Они молча пили чай. Дождь хлестал по окнам, как в той автомойке из придуманного Эмметтом сравнения. Она представила, как он приставляет к дому стремянку, чистит водостоки. Представила, как рассказывает об этом Лионелу. Он заметил бы, что они были забиты, приехав к ней во время дождя.

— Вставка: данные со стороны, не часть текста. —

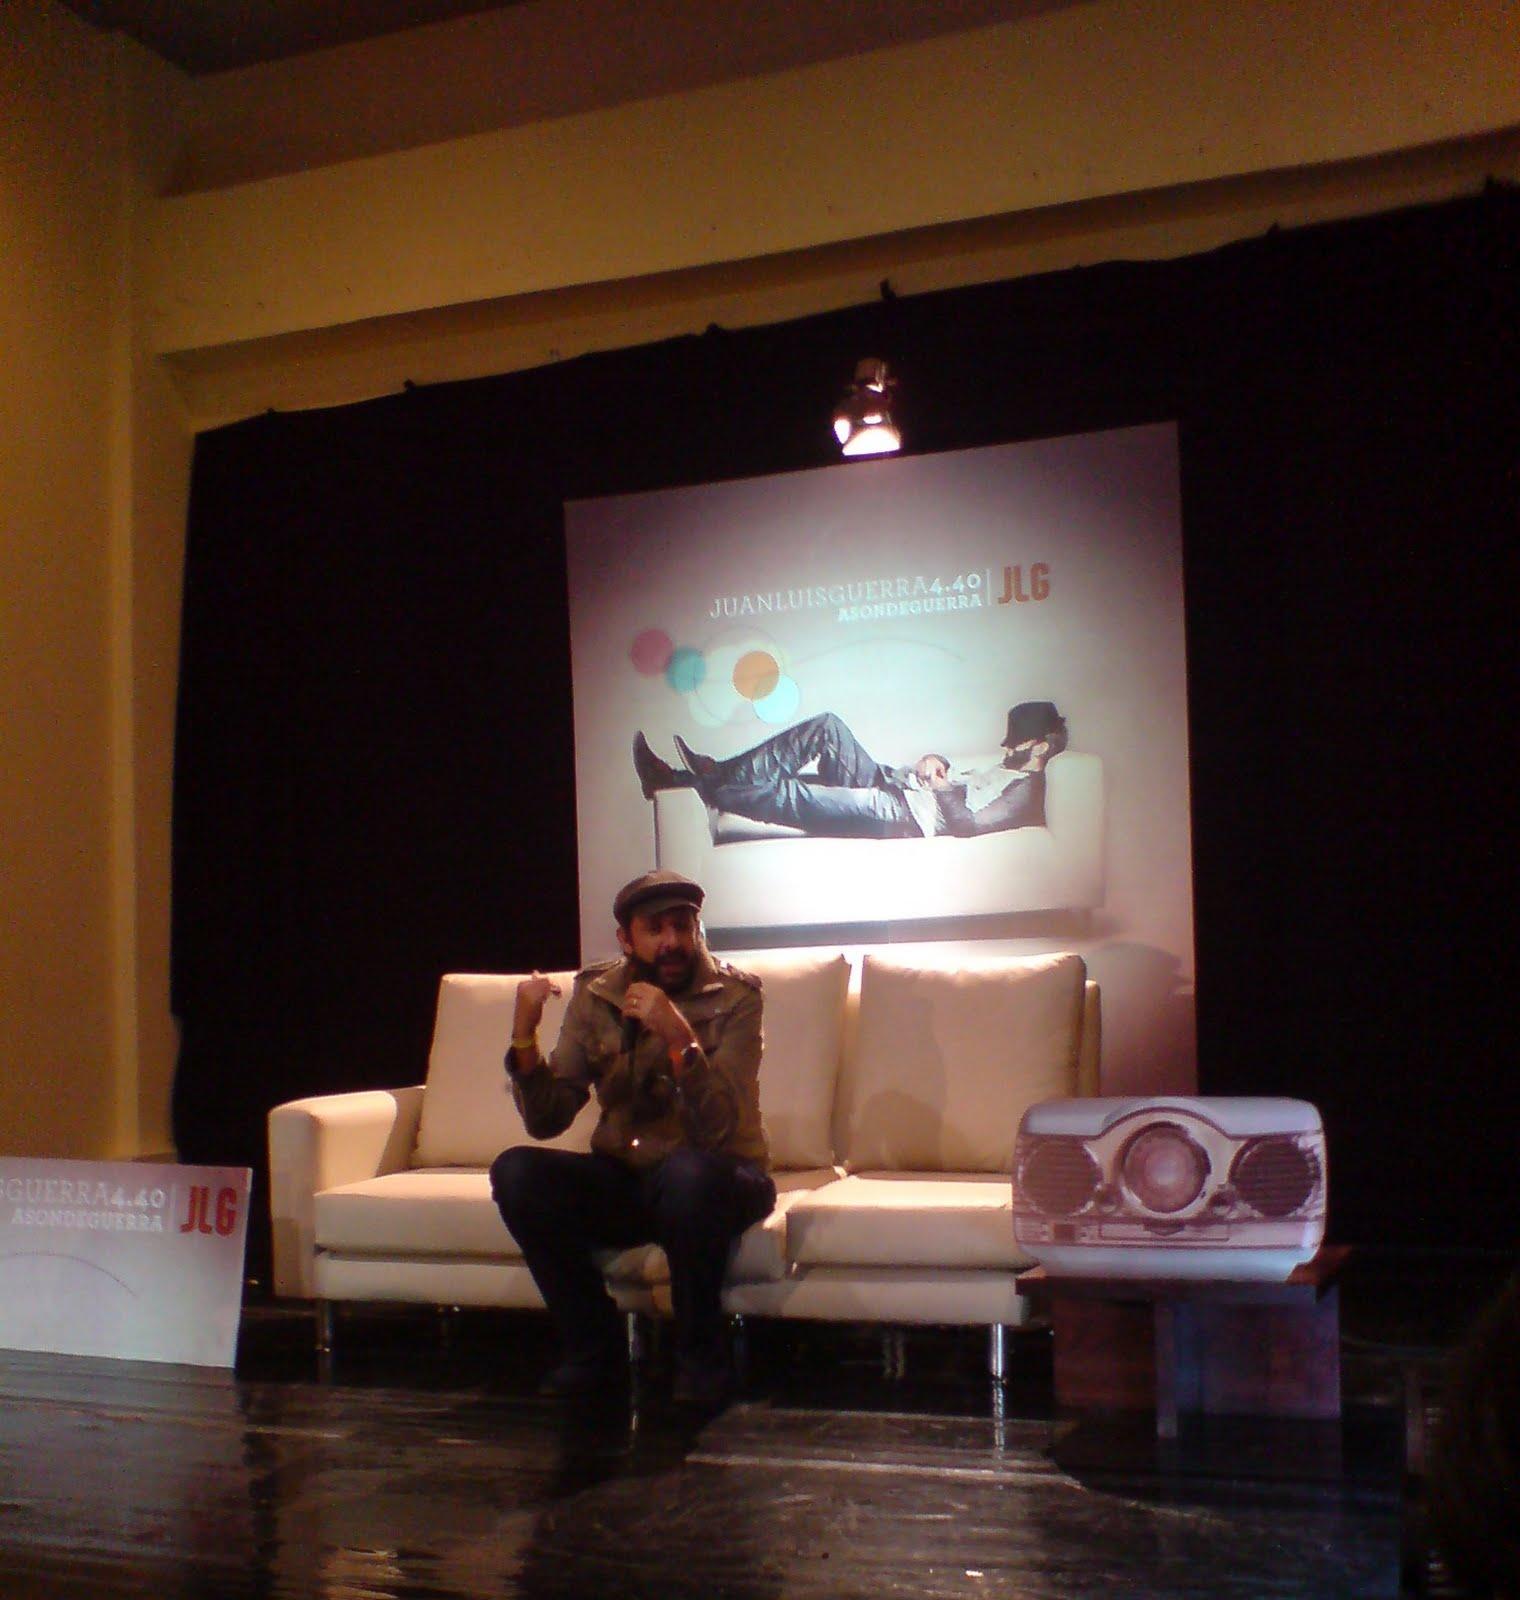 http://1.bp.blogspot.com/_y-F1SBc3pTM/TFE_I76CviI/AAAAAAAAA4c/AL2bjEX37q8/s1600/Juan+Luis+Guerra+2.JPG

Лионел посмотрел бы вверх и сказал бы ей своим зычным голосом альфа-самца, «короля горы», «большого брата»: «Я могу сам, или тебе придется кого-то вызвать – надо почистить водостоки». Она гордилась собой, что позаботилась обо всем до того, как Лионел обратил на это внимание.
– А это? – спросила она, коснувшись крыльев бабочки.
– О них говорить я не готов. И об этом тоже, – сказал он, указывая на обрывок раскраски – детское сокровище.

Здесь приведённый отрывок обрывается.